I can remember getting a lift to school in a Ford Consul. It had vacuum windscreen wipers... frenzied flapping on the over run to stop as the throttle opened.
eek.gif
 
who'd have thought thirty year ago we'd all be sittin' here drinking château de chasselas, eh?
In them days we was glad to have the price of a cup o' tea.

cups? You used cups????
 
I can remember getting a lift to school in a Ford Consul. It had vacuum windscreen wipers... frenzied flapping on the over run to stop as the throttle opened.
eek.gif

My dad had a Consul Cortina (ie Cortina Mk I), then a Consul and a Vauxhall Cresta PA. The last two each had a flat shiny vinyl bench front seat and if they had seat belts at all they will have been of the type that you just left lying tangled all over the seat.
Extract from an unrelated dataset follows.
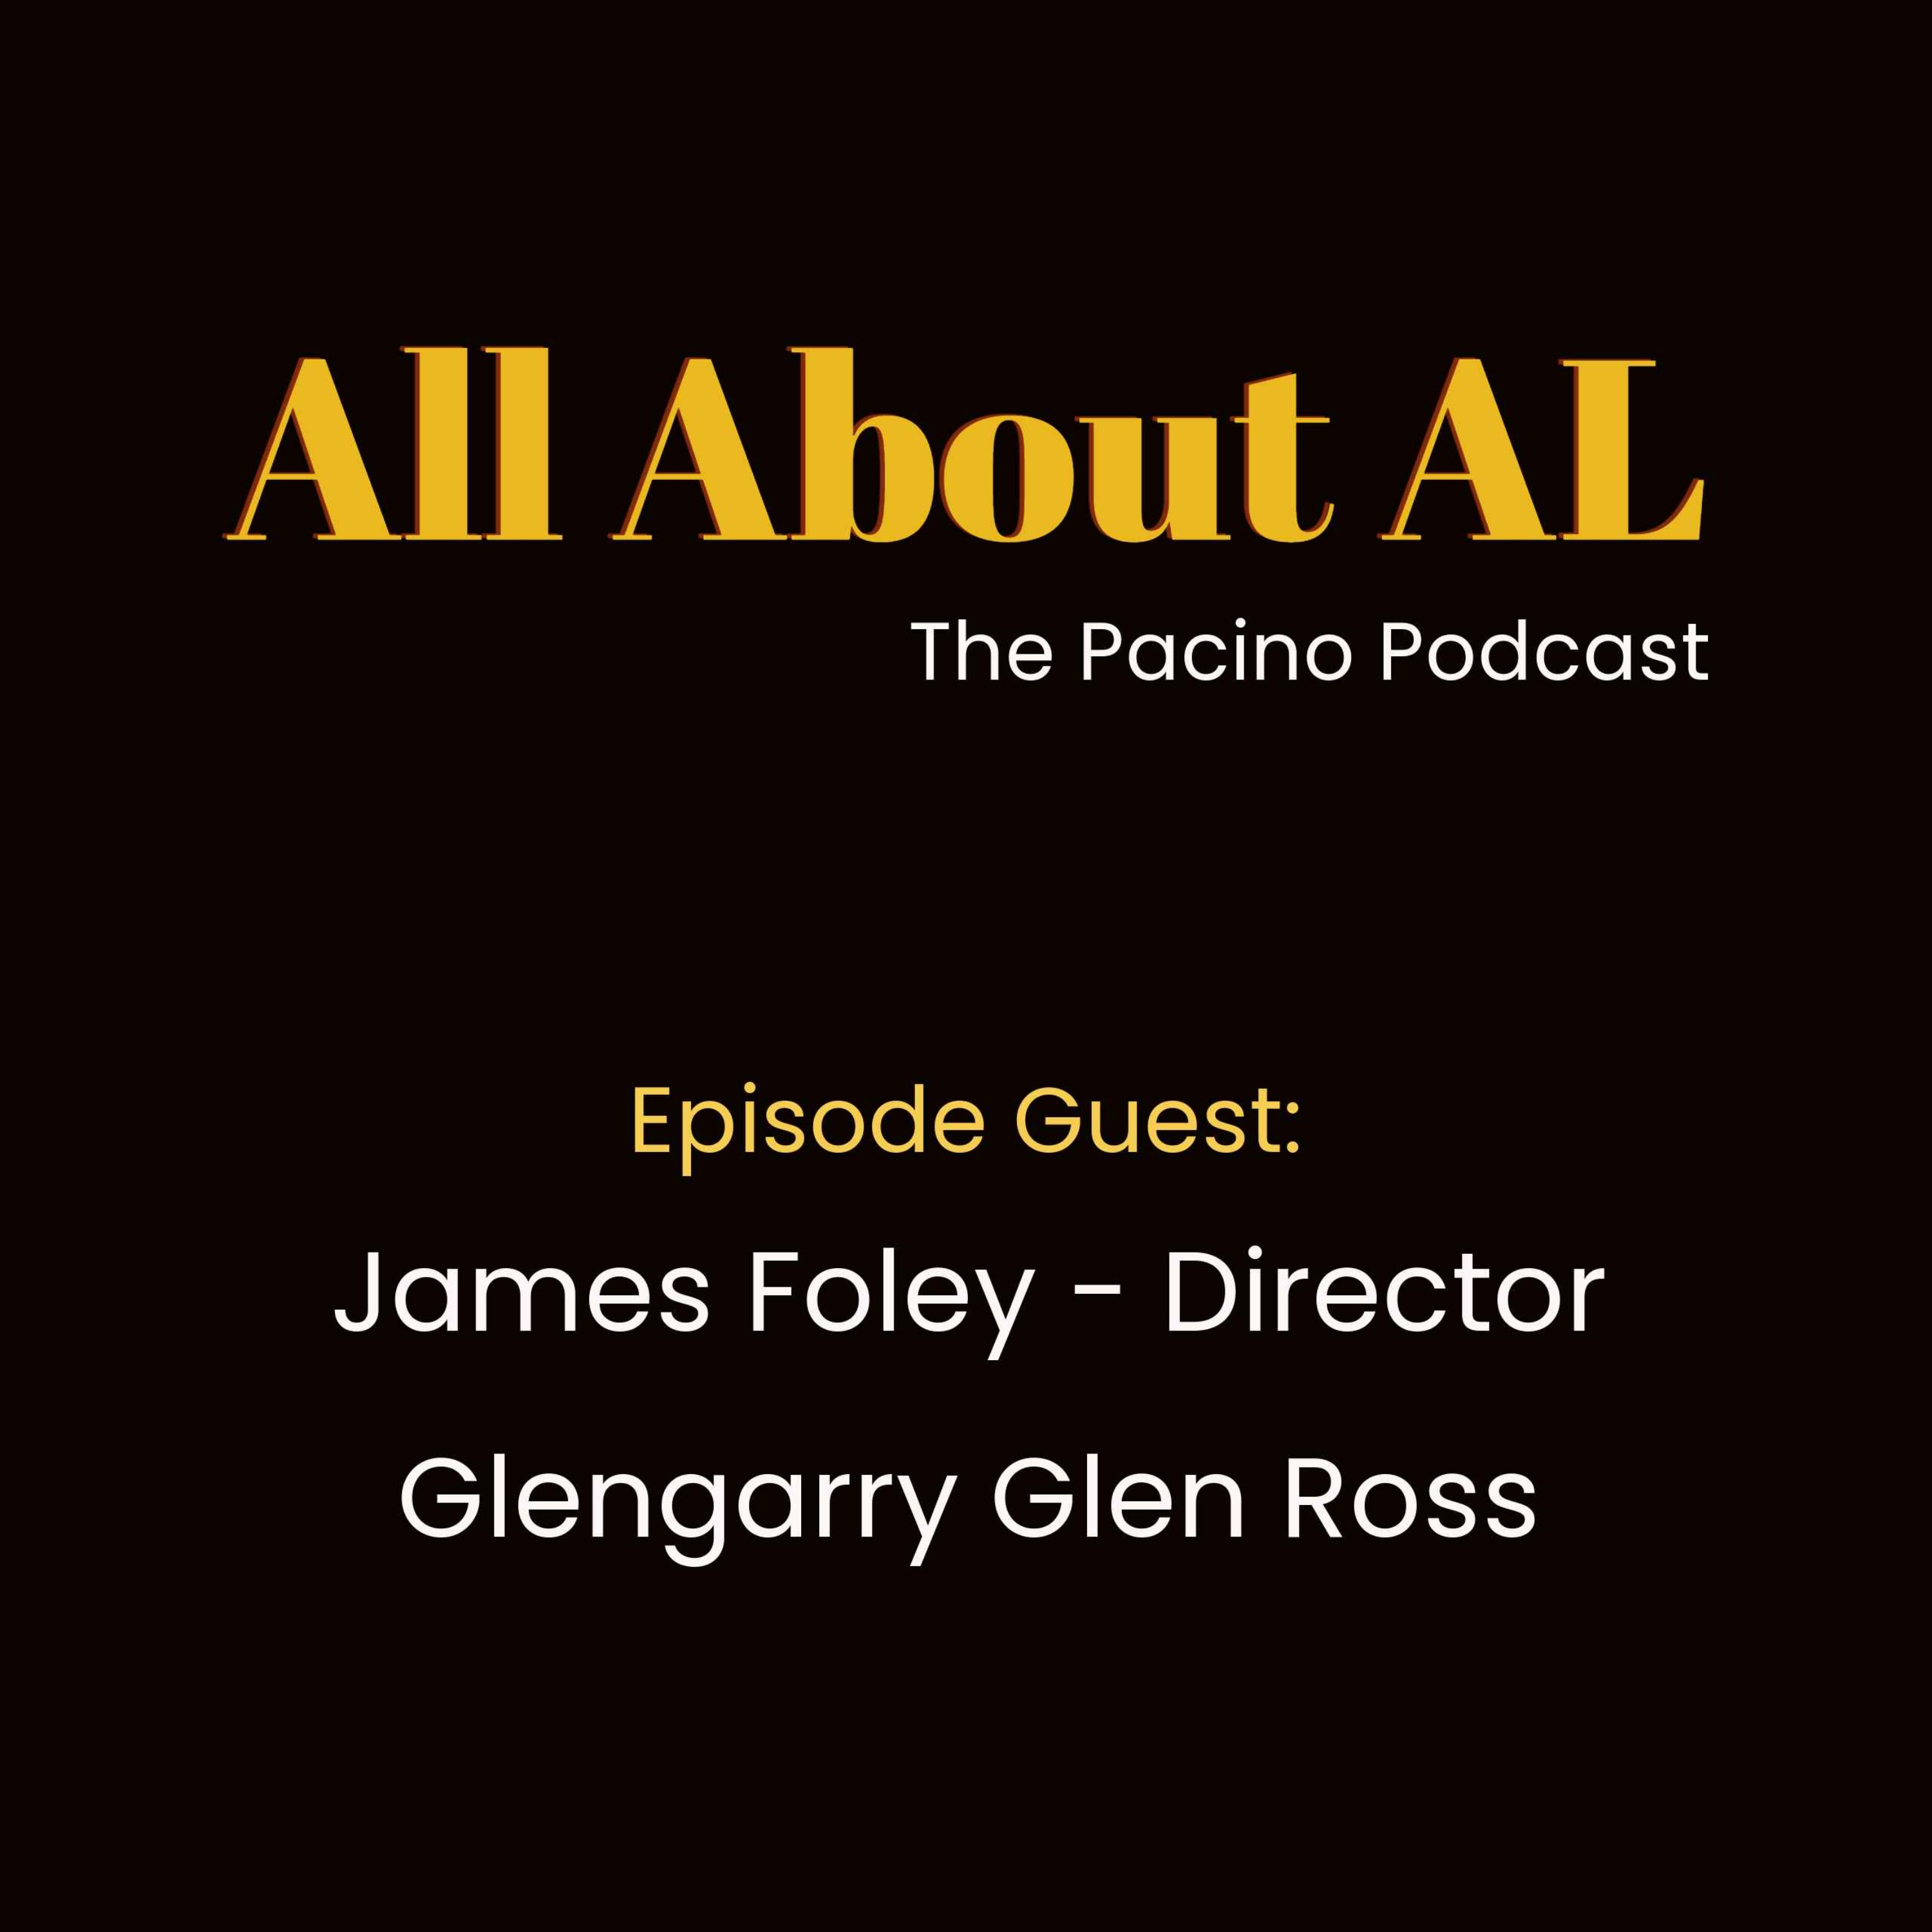 Episode 17: Glengarry Glen Ross with James Foley
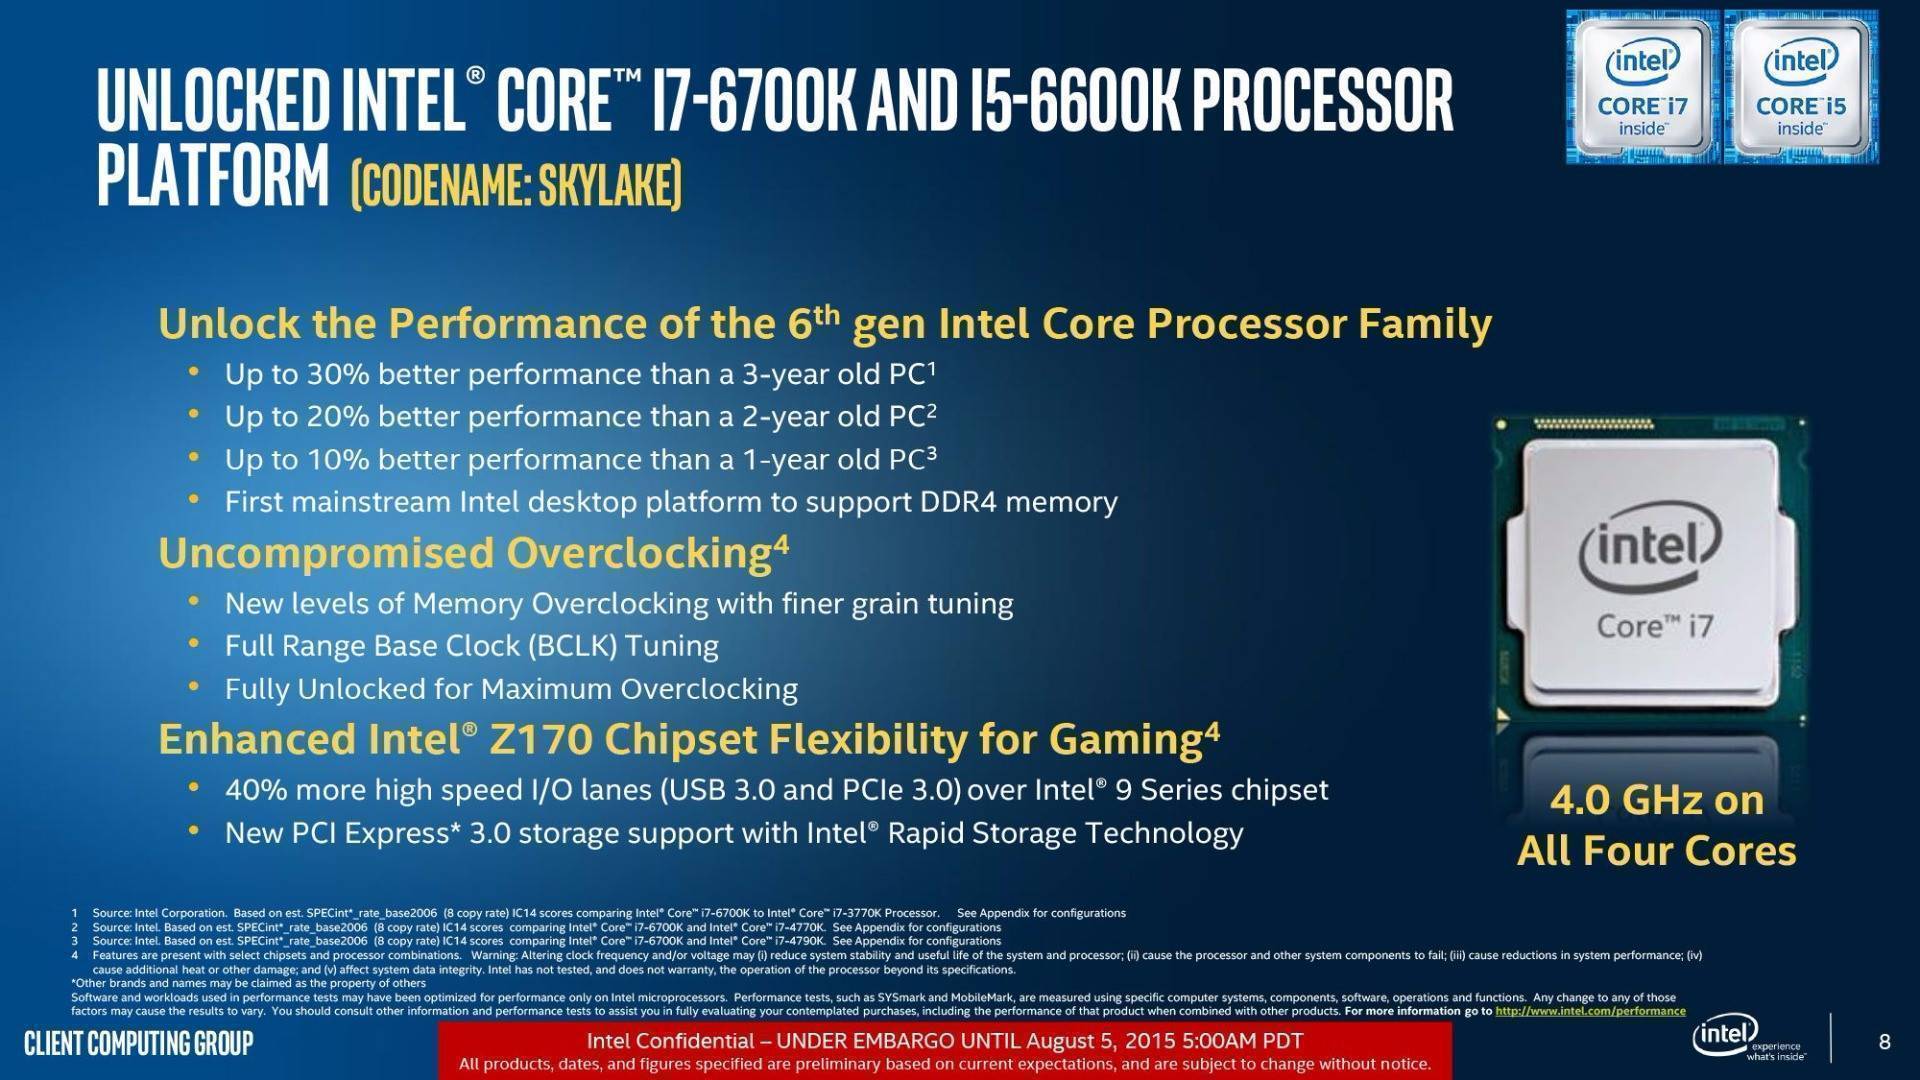 https://gocdkeys.com/images/captures/intel-core-i7-processor-1.jpg

What with the epic lean those cars displayed while cornering, how did he not end up in the passenger seat when turning right? The Cresta had 'clap hands' wipers which still strikes me as better than having to engineer different systems for RHD and LHD (or Mercs complex squared off arc in the W124).
 
some of us still think in pre-decimal currency - I still can't visualise how long a metres is, without thinking 'it's just over a yard' - I measure in feet and inches,

Andy
(58 - going on 30)

I said I dont remember using pre decimal, doesnt mean it wasnt around in my younger days! I 'm the same as you with measurements, The firm I served my time with was 'old school'. Everything fabricated was to a sixteenth and everything machined was to the thou. If I have to measure anything accurately now its measured in imperial and then converted to metric, I find it easier!
 
While i'm on a roll, I remember my brothers first car ( Austin A30 I think) with semiphor indicators which came out of the B pillars. My mk1 capri with a dynamo where the indicators would stick on until I revved it, and the washer bulb on the floor and front discs but no servo! But most of all my dads old zephyr mk2 with an external sunvisor which took the whole family everywhere and was guaranteed to breakdown regularly, with 4 kids and a labrador on board.